Another key feature of the GIGABYTE G1 Assassin X58 motherboard that was shoe horned onto the PCB is the Creative Soundblaster X-Fi Digital Audio Processor (20K2). The Creative Soundblaster X-Fi Digital Audio Processor features EAX Advanced HD 5.0, Dolby digital live encoding, and DTS Connect. Features like these aren’t available on your run of the mill onboard audio chip. Testing the Creative Soundblaster X-Fi Digital Audio Processor with Rightmark Audio Analyzer show’s an improvement in quality over the Realtek ALC 892 chipset found on most of the boards we have tested. The software available for the Creative Soundblaster on the GIGABYTE G1 Assassin, is part of what is going to separate the GIGABYTE G1 Assassin from the rest of the pack.
Our performance testing of the GIGABYTE G1 Assassin X58 motherboard doesn’t show the GIGABYTE G1 Assassin standing out from the crowd. To be fair though, there is only so much that a motherboard can do for performance when we are running at default settings.
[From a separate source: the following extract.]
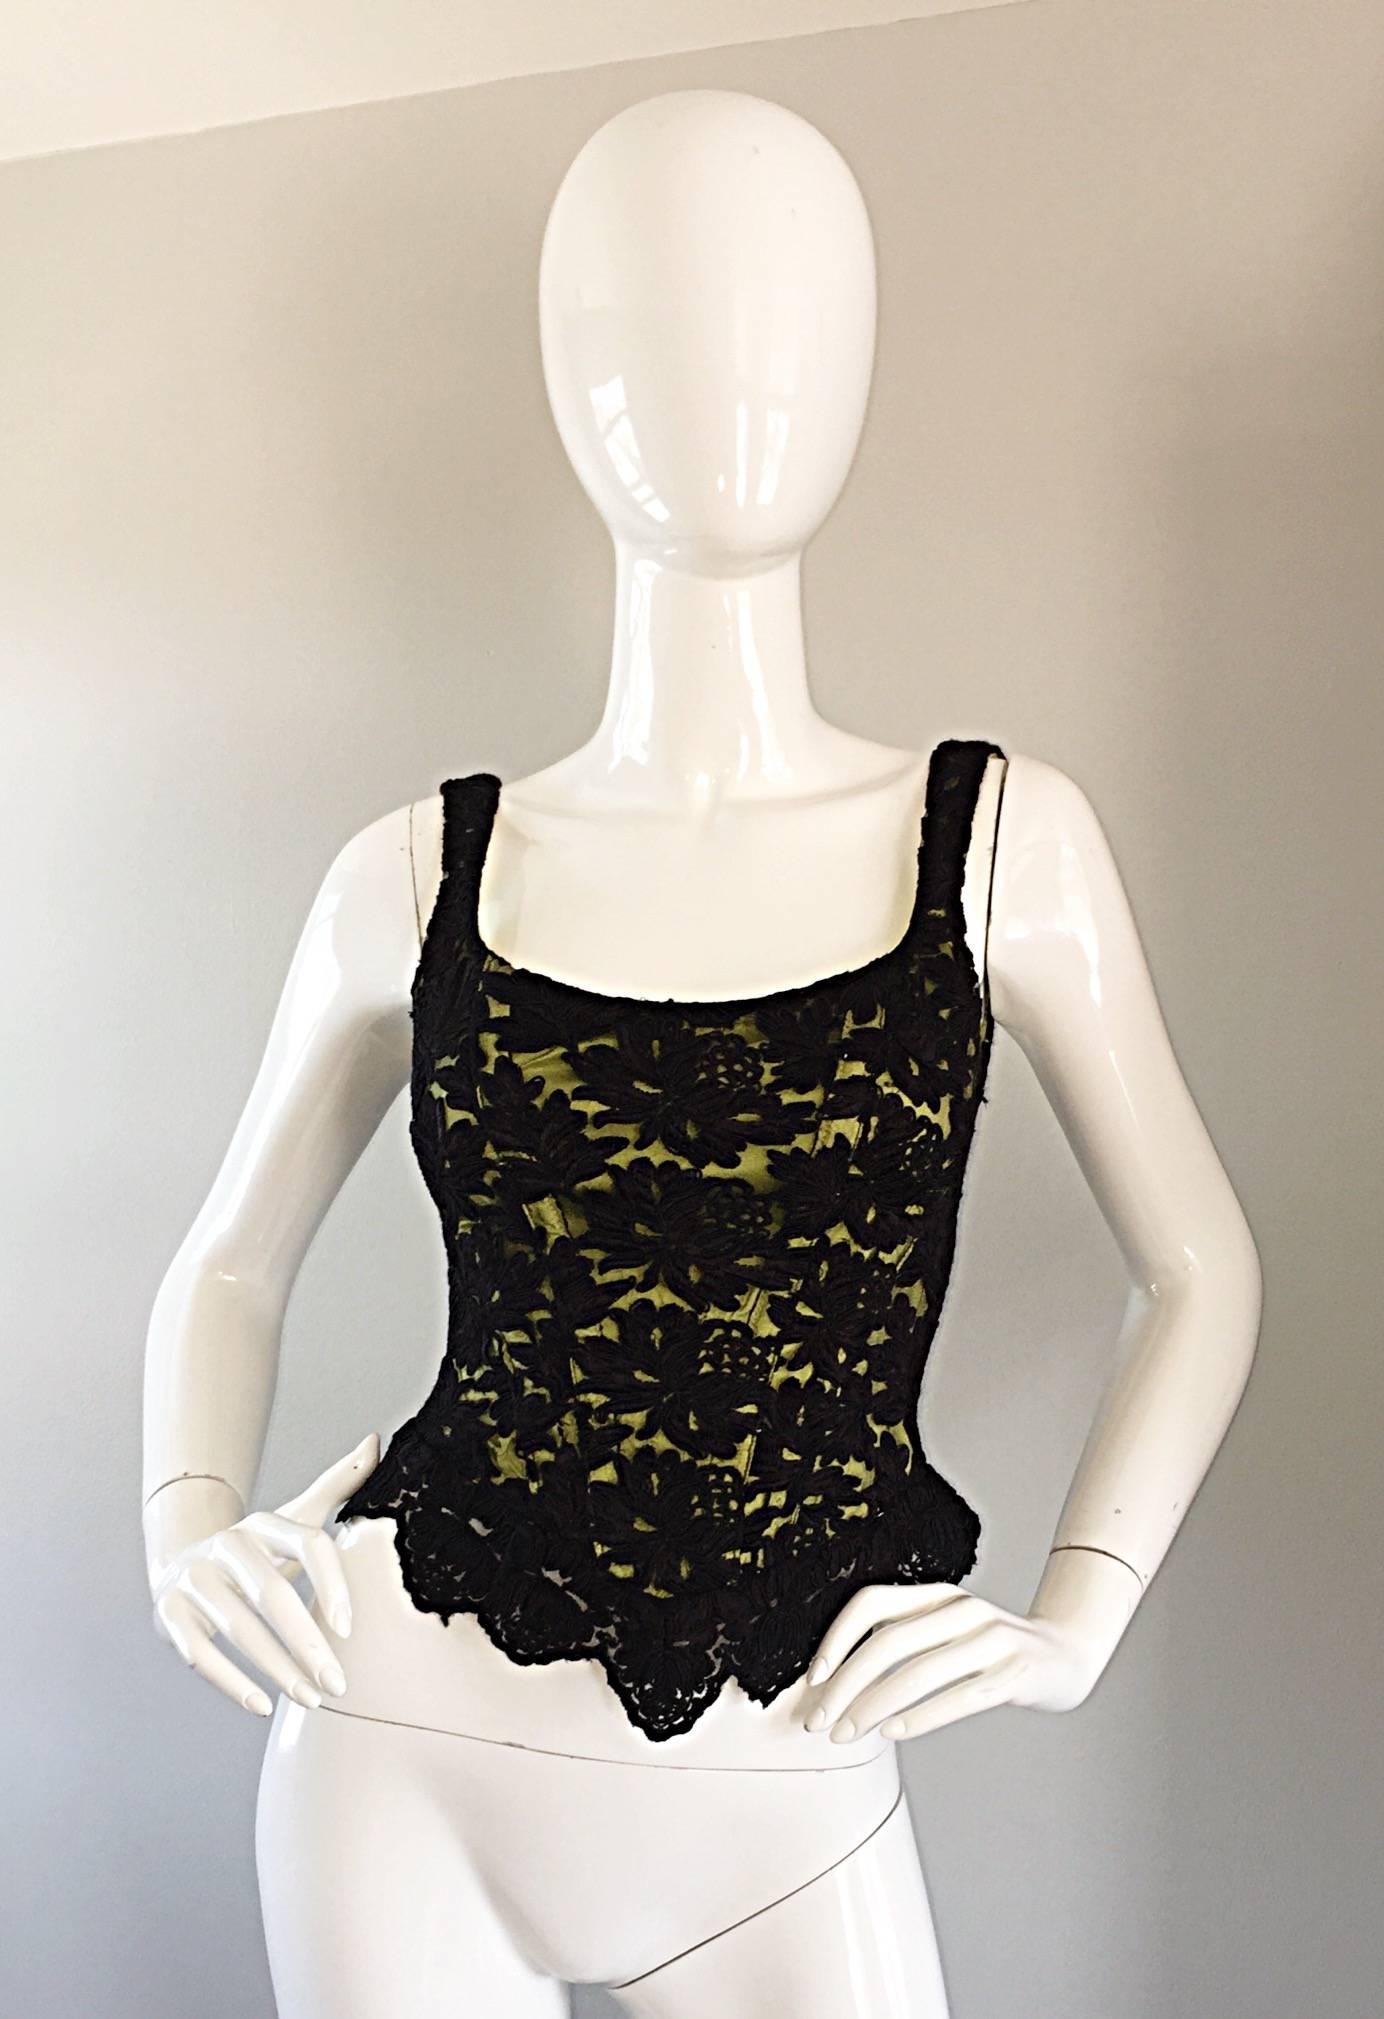 Sexy 1990s GIGI CLARK for LILLIE RUBIN black and chartreuse lace bustier/corset top! Brand new with original tags from Lillie Rubin still attached.  Chartreuse green silk, with a hand-sewn black lace overlay. Hook-and-eye closures up the entire

Once we got into overclocking with the GIGABYTE G1 Assassin is where things started to get fun. Unfortunately, we were limited by heat, and time in our Intel Core i7 950. Pushing 95-96 degrees Celsius is risky business, otherwise we would have been likely to hit the 4.4-4.5GHz mark with our processor.
I really like the concept behind the GIGABYTE G1 Killer series of motherboards. The issue I have though, is that it is an Intel X58 motherboard. It’s still a strong system if you are already using it, but if I were to be building a new system, an Intel X58 system wouldn’t be my first choice. Our Intel Core i5 2500K processor in the Intel P67 motherboards was giving the i7 950 a solid run for the money. If GIGABYTE had release the G1 Killer series of motherboards in the Intel P67 chipset I think it would have been a better move on their part. Please don’t mistake this for knocking the board, the board was great, just a little late. Perhaps GIGABYTE will release another version of the G1 Killer Series motherboards for the up and coming Intel Z68 chipset, or for Socket R later this year.
Like all but GIGABYTE’s Micro ITX motherboards, the GIGABYTE G1 Assassin carries a three year warranty from the date of manufacture. With all of the features that the GIGABYTE G1 Assassin carries, it’s no surprise that it carries a hefty price tag as well. The GIGABYTE G1 Assassin can be found online for $509.99 plus $10.60 for shipping. Currently there is a $20 mail-in rebate card available, so that brings the overall price down to $500.59. As you can see, it’s on the pricey side, If you were to subtract the cost of the Killer NIC and the Creative Soundblaster X-Fi, the price would be in the realm of $300-$350. If you planned on upgrading the audio and installing a Killer E2100 NIC, you may just come out ahead since you won’t be taking up space in your expansion slots. It can’t do Quad-SLI, but it can do pretty much everything else!
Legit Bottom Line: If you happen to be building an Intel X58 system and plan on upgrading the audio and installing a Killer E2100 NIC, the GIGABYTE G1 Assassin may just fill your needs perfectly!